How the Land Becomes Sacred - Class 7 Social Studies (CBSE)
Current 2026 sequence: NCERT Exploring Society: India and Beyond, Part I. This page follows the same tuition.in chapter structure as the Class 9 Social Studies pages: story first, concepts next, then revision and practice.
1. Chapter Snapshot
- Book: Exploring Society: India and Beyond, Part I
- Subject: Social Studies / Social Science
- Domain focus: Culture
- Core themes: sacred geography, tirthas, traditions, conservation
- Exam use: short answers, map/activity questions, source-based questions, and competency-based reasoning.
2. Big Ideas
Sacred place
A place becomes sacred through stories, memories, worship, journeys, festivals, and community practices.
Tirtha
A tirtha is a place of crossing or pilgrimage where geography, faith, and culture meet.
Conservation
Sacred sites need care so that heritage, ecology, and public access are protected.
3. What You Should Be Able To Do
- Explain how beliefs and practices make places sacred.
- Identify ways to conserve and restore sacred sites.
- Trace links between routes, rivers, mountains, and pilgrimage.
- Present a local sacred site with location and significance.
4. Map and Activity Focus
- Overlay trade-route and sacred-site maps.
- Collect information on a local sacred place.
- Discuss how visitors can protect heritage sites.
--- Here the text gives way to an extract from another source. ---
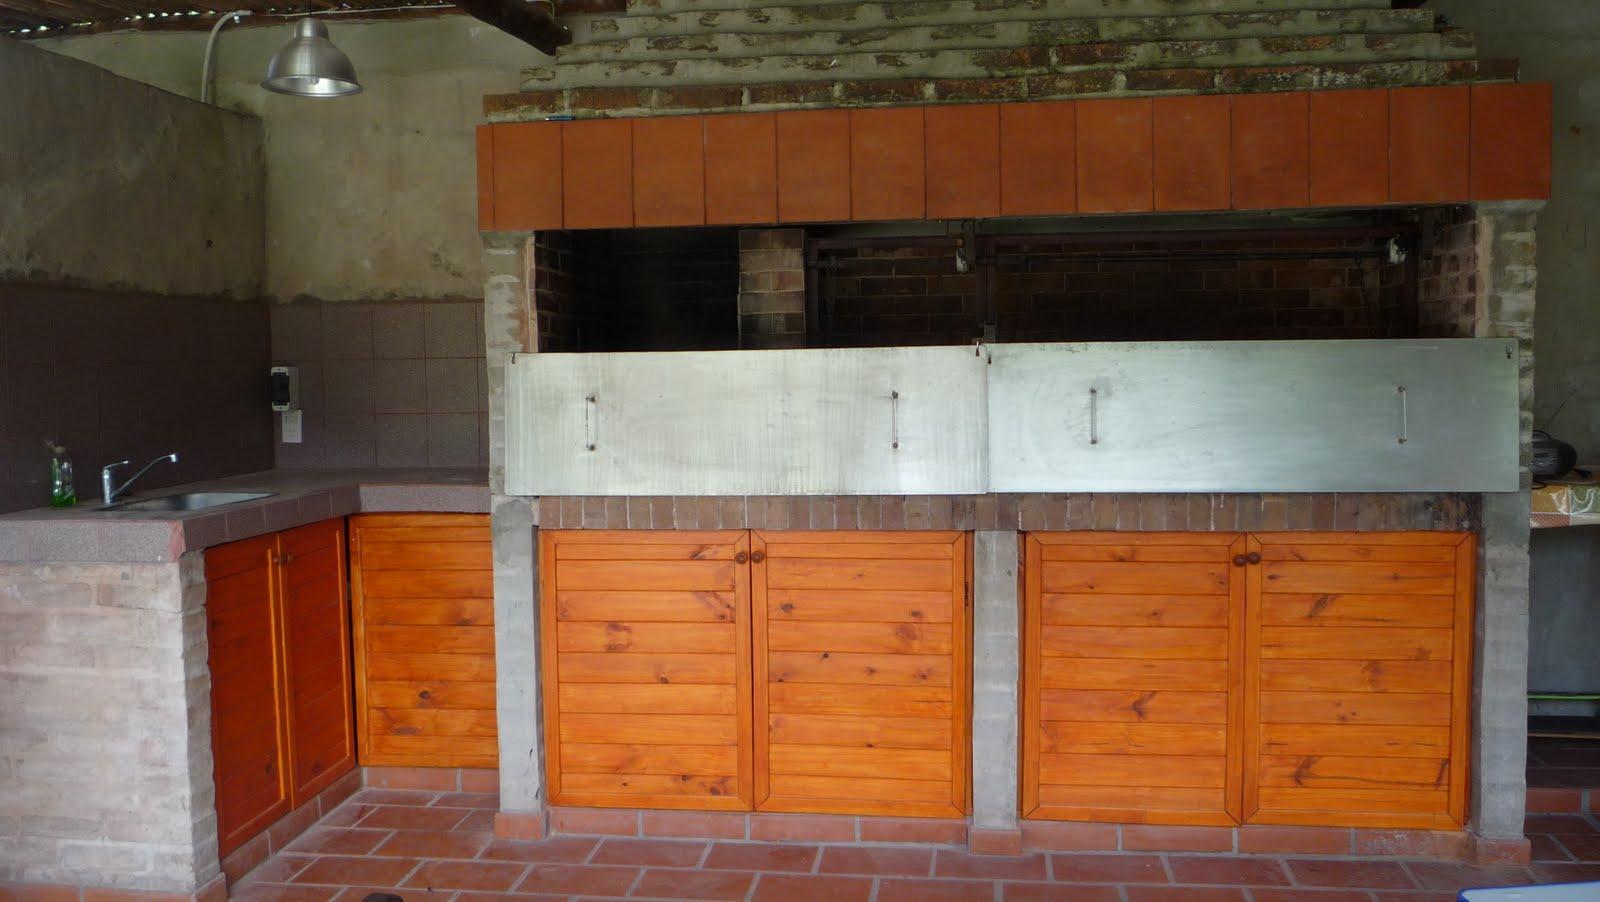 Diego lasso maderas puertas de parrilla y bajo mesada for Parrilla para la casa

5. How To Write Better Answers
- Start with a clear definition or context sentence.
- Add two or three precise points from the chapter.
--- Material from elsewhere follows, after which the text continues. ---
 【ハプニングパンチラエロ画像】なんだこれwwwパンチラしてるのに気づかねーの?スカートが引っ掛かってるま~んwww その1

- Use an example from India, your locality, a map, or a classroom activity.
- End with the wider importance: citizenship, environment, economy, culture, or democratic life.
6. Quick Recap
- Sacred place: learn the definition, one example, and why it matters.
- Tirtha: learn the definition, one example, and why it matters.
- Conservation: learn the definition, one example, and why it matters.
7. Practice Prompts
- Give a one-line definition of the most important concept in this chapter.
- Explain one cause-and-effect relationship from the chapter.
- Give one real-life example from India or your neighbourhood.
- If a map is involved, locate the relevant place or feature and explain why it matters.
8. Teacher Note
This chapter works best when students combine reading with map work, short local observations, and discussion. Ask students to connect the textbook idea to a familiar place, service, market, crop, weather event, institution, or community practice.